По старой традиции Полина Михайловна стала поить его чаем, усадив за столик в саду. Вынула она и банку варенья.
– Не обессудь – райских давно уже не варим. Это сливовое. И знаешь, для покупного очень даже неплохое. Нет уже сил возиться, честно говоря.
Уходил он со смешанным чувством. Его грело, что нашлось место, где, по крайней мере, двое – щенок и старушка – будут ему рады! Дачное одиночество тяготило. Но что случилось с Катей? Банальное «постарела» тут не годилось. Не постарела вовсе, а словно бы выползла из-под руин!
Кажется, Одинцова в «Отцах и детях» говорила, что в деревне необходим режим – иначе помрешь с тоски. У него режим сложился. Утром он совершал оздоровительную пробежку вдоль лесочка и ходил в местную лавку за продуктами. После обеда работал над книгой. А к вечеру захаживал к соседям – пить чай с Полиной Михайловной и помочь по хозяйству: принести воды, починить кран или крыльцо. Женщины были абсолютно не приспособлены к деревенской жизни – Полина Михайловна в силу преклонного возраста, а Катя из-за полной отрешенности от быта. И как они обходились прежде, было загадкой.
Щенок с гордым именем Дон Педро бежал к калитке его встречать, радостно тявкая и срываясь на визг. Полина Михайловна в кружевной шали с улыбкой поджидала его за столом в саду. И только Катя не выражала никаких чувств, но хотя бы не уходила при его появлении, а сидела в шезлонге под яблоней, прикрыв глаза. Яблоня раскачивалась от легкого ветерка, спускались сумерки, и тени на Катином лице становились гуще и загадочнее. Она зябко куталась в свою просторную бордовую накидку, не открывая глаз.
– Иди к нам чай пить!
В голосе Полины Михайловны появлялись интонации, с какими детей зовут поглядеть восхитительный аттракцион. Но Катя не соблазнялась.
– Не хочется.
Он из деликатности не делал ни малейших попыток заговорить с ней, и, по-видимому, она это оценила. Через некоторое время она молча присоединилась к их чаепитию. Пила чай маленькими глоточками и где-то витала, не вступая в разговор, бывший для нее, судя по всему, совершенно неинтересным. А между тем Игорь Петрович старался блеснуть, рассказывал о своих идеях в области культурологии. Полина Михайловна слушала очень внимательно и вслух им восхищалась:
– Умница! Умница! Правда, Катя?
Катя не отвечала, но токи от нее шли дружественные. И он это чувствовал.

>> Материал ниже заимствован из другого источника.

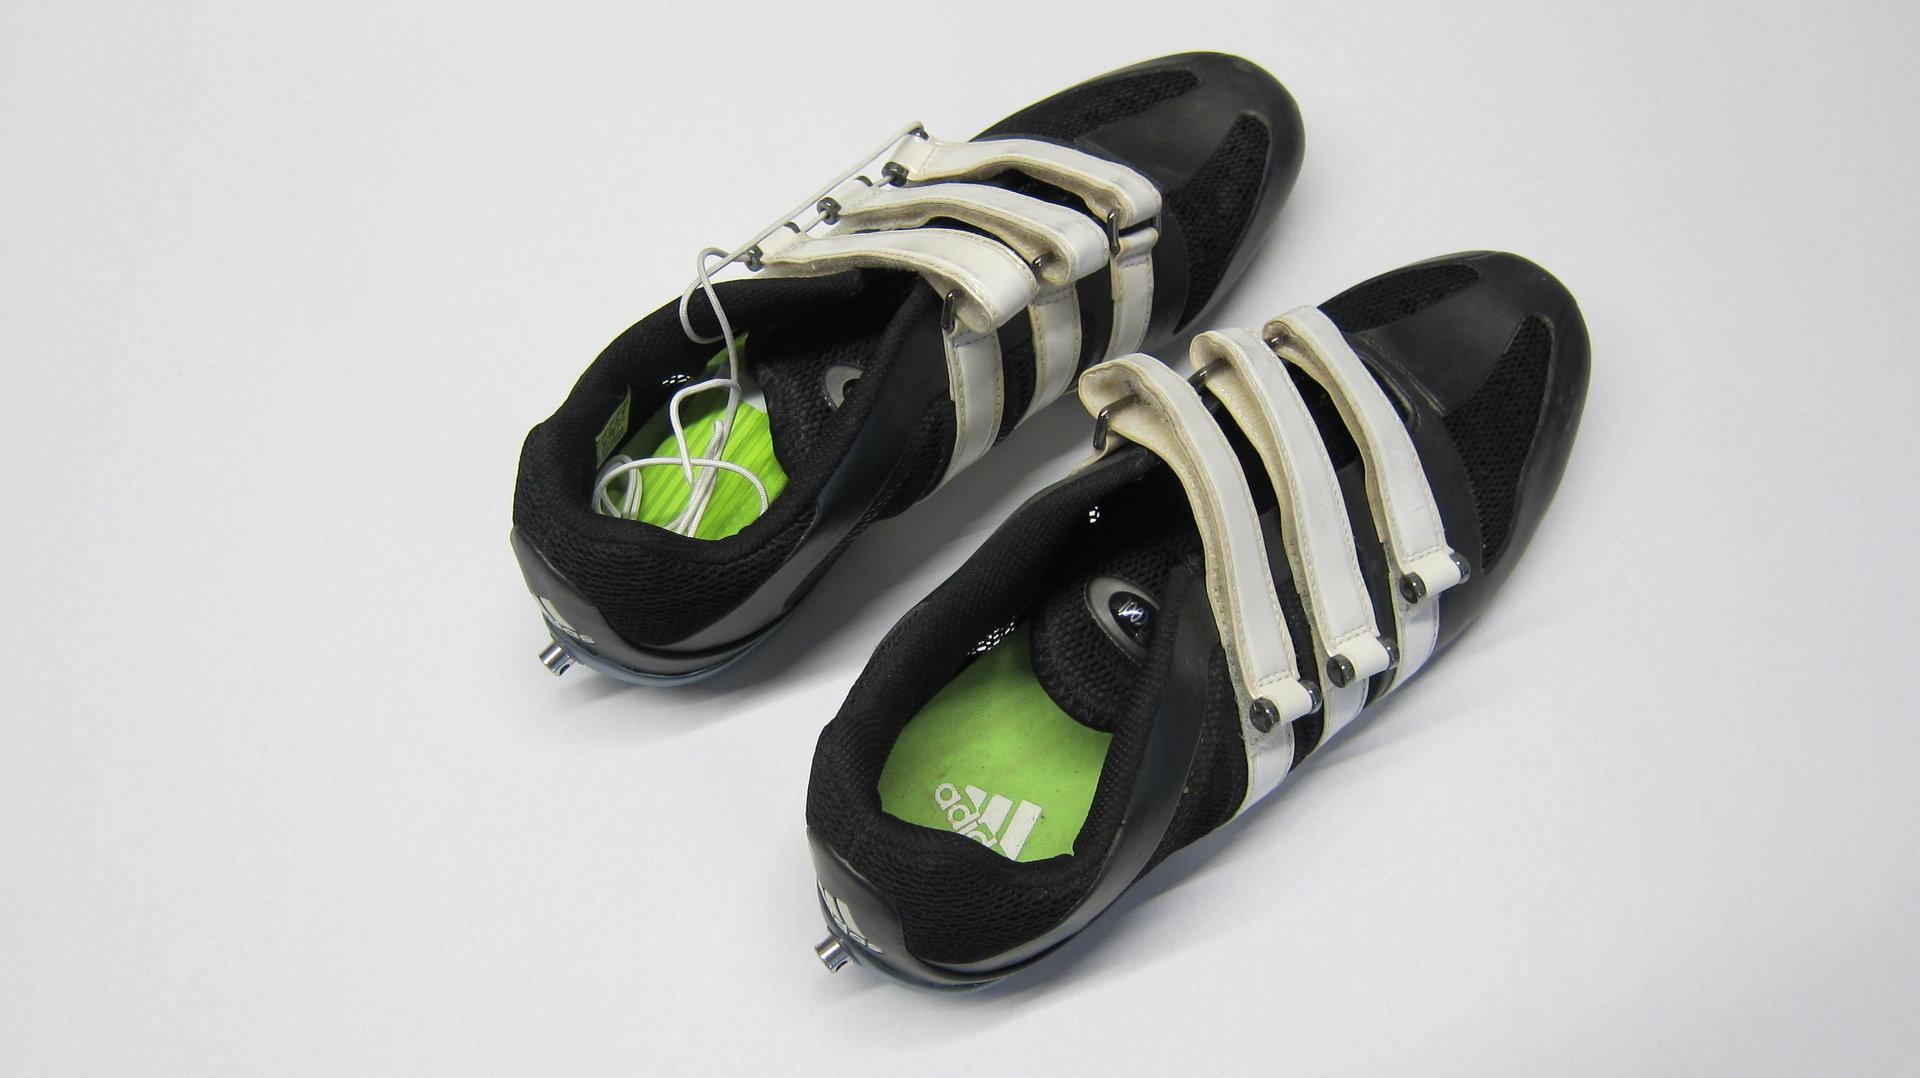 Adidas Rowing Shoes Uk

Порой, оглядываясь, нет ли поблизости Кати, Полина Михайловна шептала ему, как она тревожится за дочь, ведь у них никого нет. Случись что, Катя совершенно беспомощна. И глядела на него с недоумением на лице. А он хмурился и совершенно не знал, что сказать и как себя вести. Было глупо говорить, что он Катю не оставит. Кто он ей? Она его почти не замечает. Но Полина Михайловна и сама понимала, что у него своя семья, свои обязанности. Просто ей хотелось поделиться тревогами с сочувствующим человеком.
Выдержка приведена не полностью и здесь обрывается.